Esse evento ocorrido no bar Stonewall Inn em Nova York, nos EUA, em 28 de junho de 1969, é considerado o marco do movimento de liberação gay e o momento em que o ativismo pelos direitos LGBT ganha o debate público e as ruas.
É por causa da revolta de Stonewall que o orgulho LGBT (Lésbico, Gay, Bissexual, Transexual, Travesti) é celebrado em junho – o Dia do Orgulho é na mesma data em que aconteceu o levante em Nova York, no 28.
Entre junho e julho, as principais cidades do mundo apresentam suas paradas gay, com multidões nas ruas levantando a bandeira do arco-íris (símbolo do orgulho LGBT).
Manifestantes plantam árvores em protesto #JustiçaPorLindolfo
No primeiro ano da revolta de Stonewall, houve manifestações LGBT em Nova York, Los Angeles, San Francisco e Chicago, para relembrar a data. Em Nova York, os manifestantes caminharam 51 quarteirões, do East Village até o Central Park. No ano seguinte, a marcha para relembrar Stonewall chegaria à Europa, acontecendo também em Londres, em Paris, na parte ocidental de Berlim e em Estocolmo.

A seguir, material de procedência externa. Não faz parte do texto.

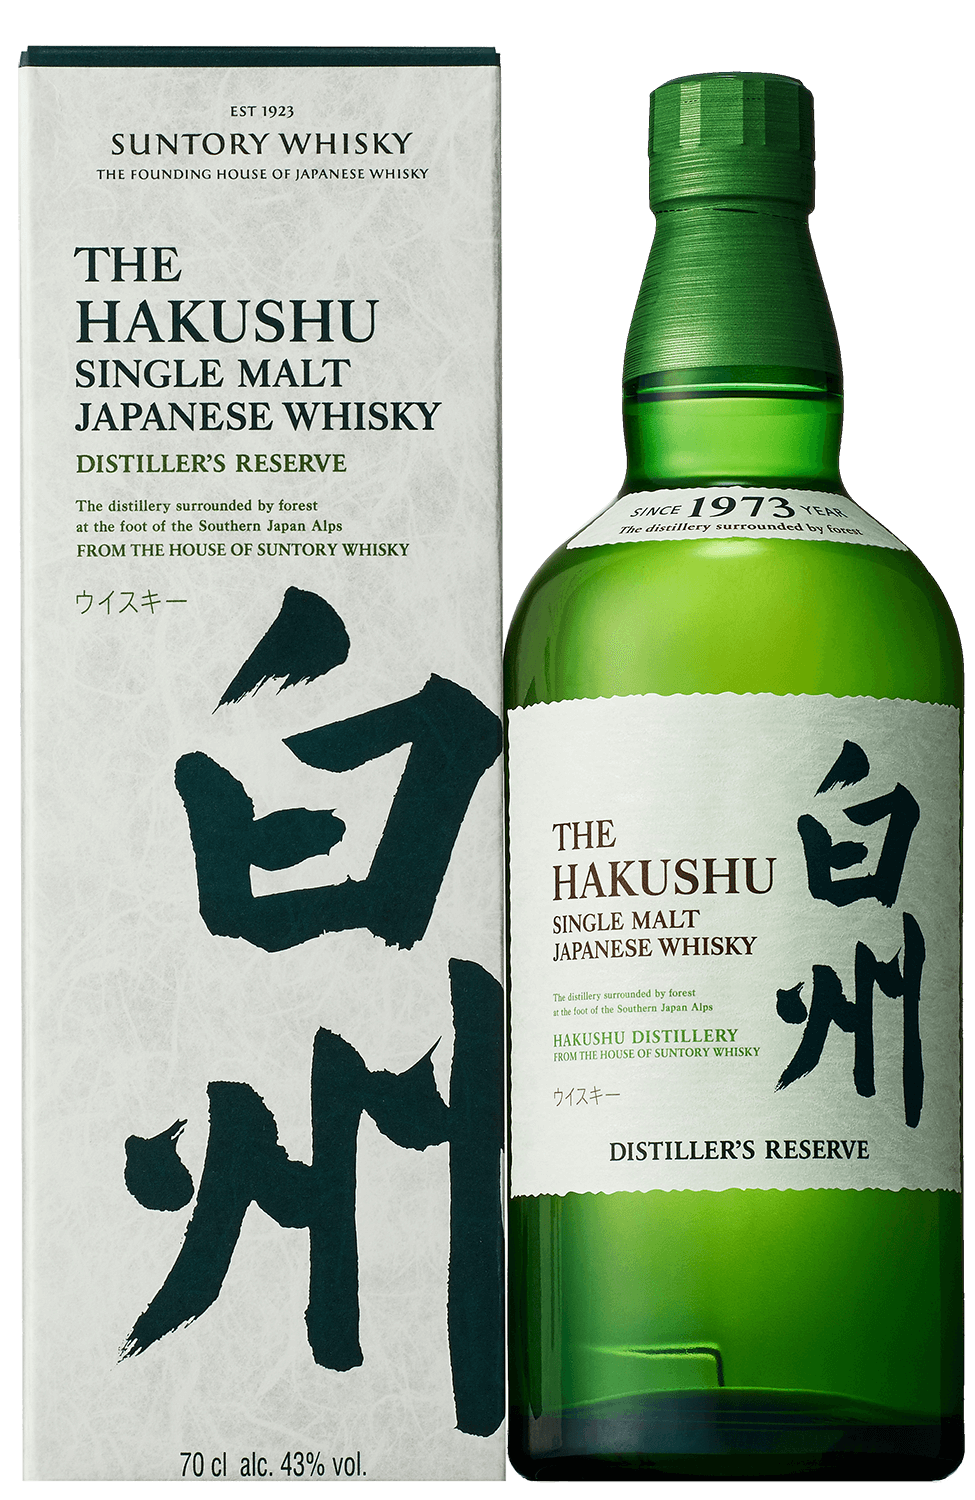 Suntory Hakushu Distiller's Reserve Single Malt Japanese Whisky (gift box)

Neste ano, as principais paradas gay do mundo – como a de São Paulo, que aconteceu no dia 23 de junho – decidiram homenagear os 50 anos do acontecimento dessa revolta.
“Stonewall funda um novo tipo de movimento LGBT. Criou essa ideia do orgulho, das pessoas LGBT ocupando o espaço público, assumindo suas identidades e se orgulhando dessas identidades e de práticas de sexualidade e de gênero”, afirma à BBC News Brasil Renan Quinalha, professor de direito da USP (Universidade Federal de São Paulo), ativista de direitos humanos e um dos autores do livro A História do Movimento LGBT no Brasil.
Mas o que foi a revolta ou rebelião de Stonewall, citada inclusive pelo ex-presidente dos EUA Barack Obama em seu discurso de posse?
Na Nova York daquele ano de 1969, o bar Stonewall Inn, no East Village, era ponto de encontro dos marginalizados da sociedade – em sua maioria, gays.
Até 1962, relações entre pessoas do mesmo sexo eram consideradas crime em todos os Estados americanos. Naquele ano, pela primeira vez, um Estado, o de Illinois, alterou seu Código Penal e a homossexualidade deixou de ser crime. Apenas em 1972 outros Estados começaram a fazer a mesma coisa. Em Nova York, isso aconteceria nos anos 1980. Somente em 2003 essa lei seria abolida de vez.
Diferentemente de outros lugares que também recebiam o público LGBT na cidade, ali a maioria dos frequentadores eram jovens da periferia, sem-teto (muitos que haviam deixado suas famílias por causa de preconceito, segundo relatos em livros) e drag queens.
A polícia fazia vista grossa ao estabelecimento porque seus donos, que tinham relação com a máfia, pagavam propina para que ele funcionasse. Estes donos também aproveitavam para chantagear os frequentadores famosos ou com mais dinheiro.
O local não tinha licença para a venda de bebida alcoólica e não respondia a uma série de outras regulamentações como ter saída de emergência. E várias batidas policiais estavam sendo feitas em bares naquela época, principalmente para controlar quem podia vender álcool.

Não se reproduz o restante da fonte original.